Loss of Belief in Abilities and Self-Confidence Previous research has found that some gifted girls lose, to varying degrees, their enthusiasm for learning and their courage to speak out and display their abilities. Some research and reviews of research (Arnold, 1995; Bell, 1989; Cramer, 1989; Hany, 1994; Kramer, 1991; Leroux, 1988; Perleth & Heller, 1994; Reis & Callahan, 1989; Subotnik, 1988) have indicated that some gifted females begin to lose self-confidence in elementary school and continue this loss through college and graduate school. These girls may grow to increasingly doubt their intellectual competence, perceive themselves as less capable than they actually are, and believe that boys can rely on innate ability while they must work harder to succeed. Some of this research also indicates that girls try to avoid competition in order to preserve relationships, even if that means that they don’t take the opportunity to use their skills.

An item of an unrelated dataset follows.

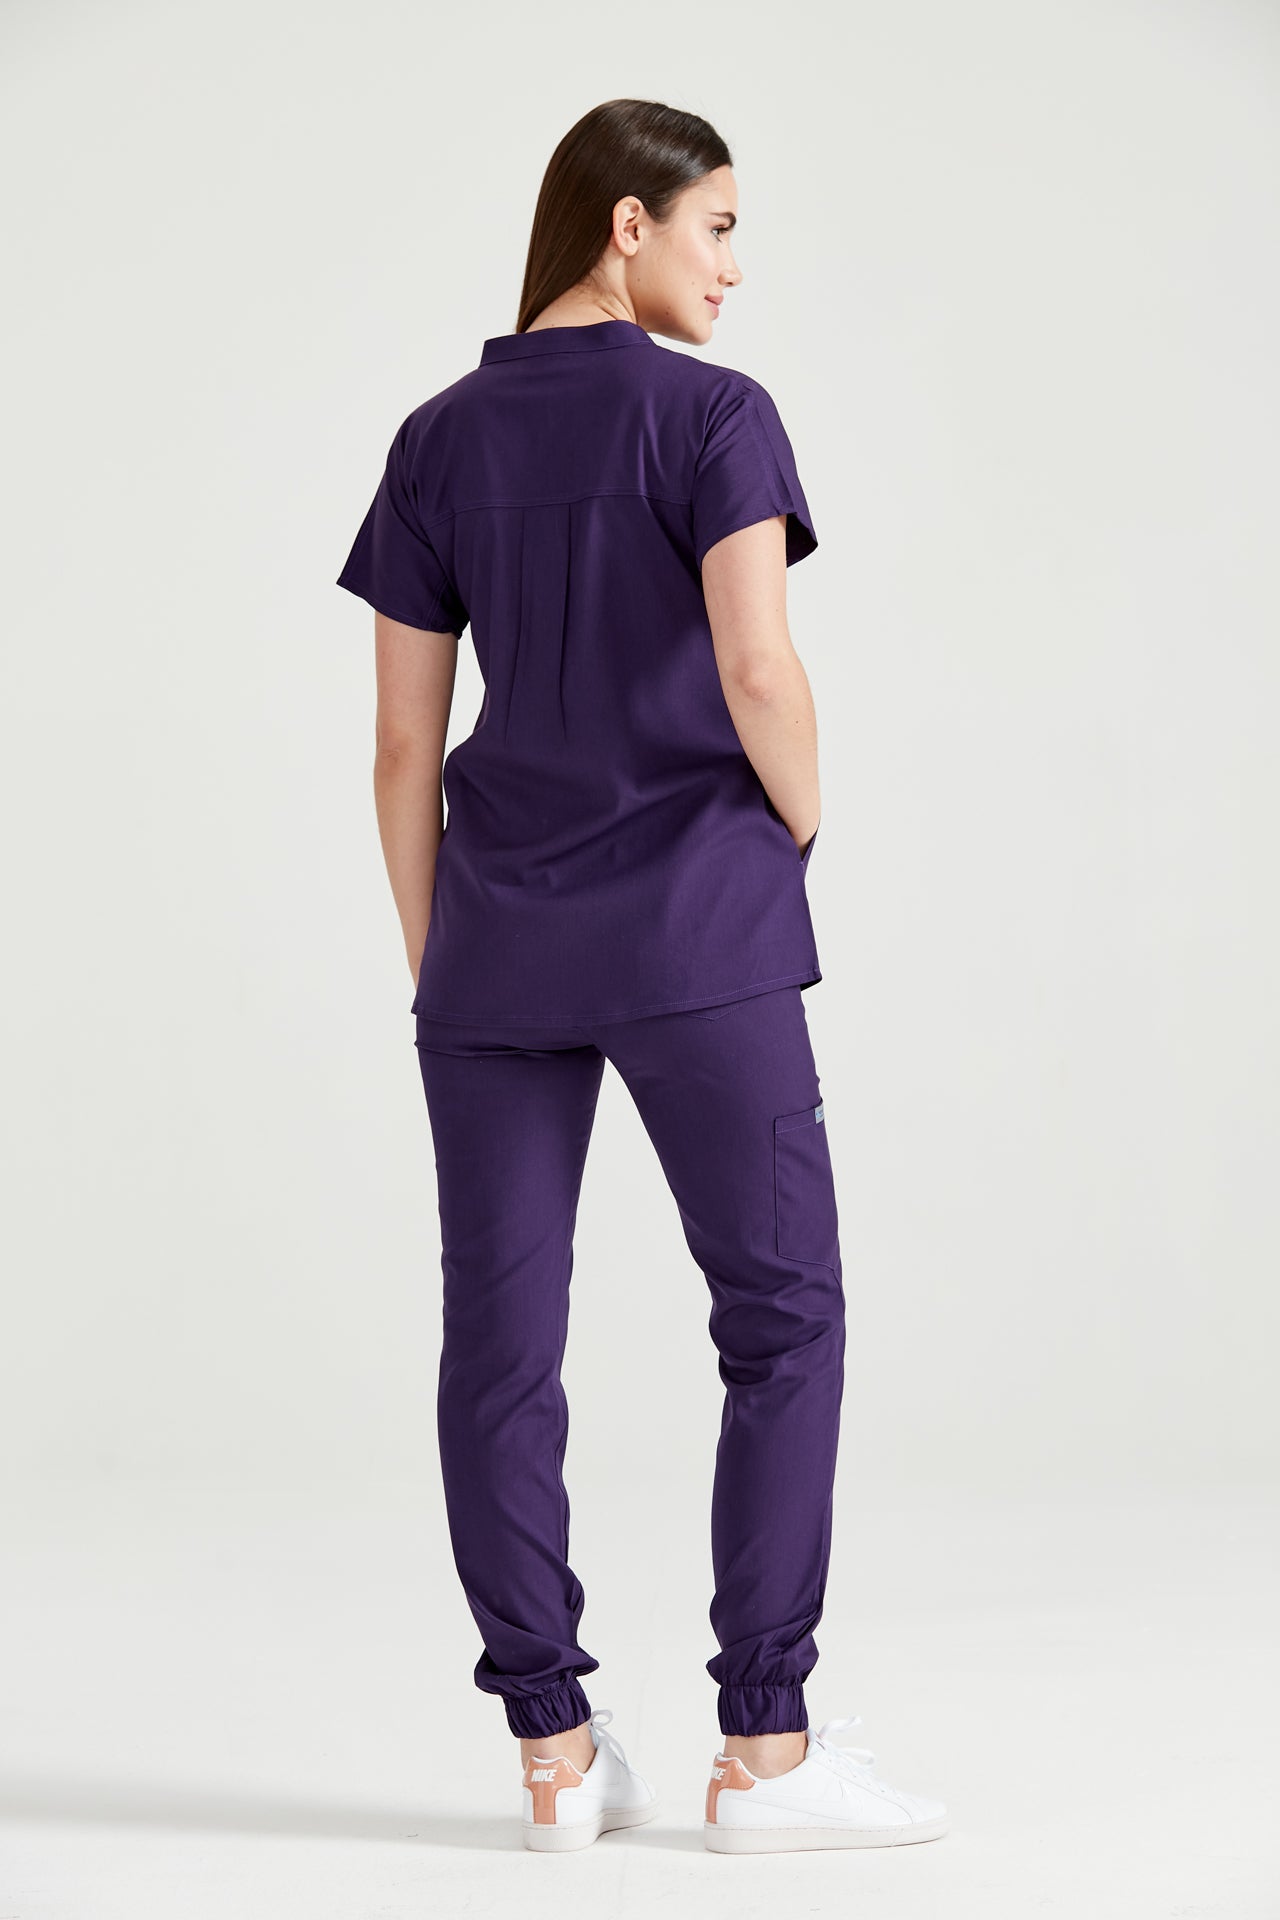 Asistenta medicala imbracata in costum medical mov, femei, Purple, vedere din spate

Kline and Short (1991) found, in a review of the literature, that the self-confidence and self-perceived abilities of gifted girls steadily decreased from elementary grades through high school. Buescher, Olszewski, and Higham (1987) found gifted boys and girls were more alike than peers not identified as gifted except in one critical area-the recognition and acceptance of their own level of ability. Interviews with middle school gifted females revealed that girls avoid displays of outstanding intellectual ability and search for ways to better conform to the norm of the peer group (Callahan, Cunningham, & Plucker, 1994).


Social Problems and Isolation Being identified as being bright or talented may create social problems for females (Bell, 1989; Buescher, Olszewski, & Higham, 1987; Eccles, Midgley, & Adler, 1984; Kerr, Colangelo, & Gaeth, 1988; Kramer, 1991; Reis, 1987, 1995; Reis, Callahan, & Goldsmith, 1996). Some research indicates that gifted girls believe it is a social disadvantage to be smart because of the negative reactions of peers. Fearing their peers’ disapproval, bright young women may deliberately understate their abilities in order to avoid being seen as physically unattractive or lacking in social competence. In other words, they may “play dumb.” Parents may also send negative messages about how girls should act, how polite they should be, how they should dress, and how often they should speak out and in what situations.


Perfectionism Perfectionism can cause talented women to set unreasonable goals for themselves and strive to achieve at increasingly higher levels. It also can cause women to strive to achieve impossible goals and spend their lives trying to achieve perfection in work, home, body, children, wardrobe, and other areas. Hamachek (1978) viewed perfectionism as a manner of thinking about behavior and described two different types of perfectionism, normal and neurotic, forming a continuum of perfectionist behaviors. Normal perfectionists derive pleasure from the labors of effort and feel free to be less precise as the situation permits. Neurotic perfectionists are unable to feel satisfaction because they never seem to do things well enough. In a recent study on perfectionism in gifted adolescents in a middle school, Schuler (1997) found that perfectionism is a continuum with behaviors ranging from healthy/normal to unhealthy/dysfunctional. Order and organization, support systems, and personal effort were the factors that affected the healthy perfectionists who received encouragement to do their “personal best” academically, and were told that mistakes were acceptable parts of learning. On the other hand, concern over mistakes, perceived parental expectations, and perceived parental criticisms were the salient factors for the gifted unhealthy/dysfunctional female perfectionists. They possessed a fixation about making mistakes, resulting in a high state of anxiety. Their definitions of perfectionism focused on not making any errors. Unlike the healthy female perfectionists, the unhealthy females’ earliest memories of being perfectionistic centered on making mistakes. These unhealthy female perfectionists were concerned about making errors both because of their own high standards and those of their parents, and they worked to please others-teachers, peers, or parents. Unlike the healthy female perfectionists, they viewed their parents’ perfectionism negatively, and perceived parental expectations as demands to be perfect in everything they did.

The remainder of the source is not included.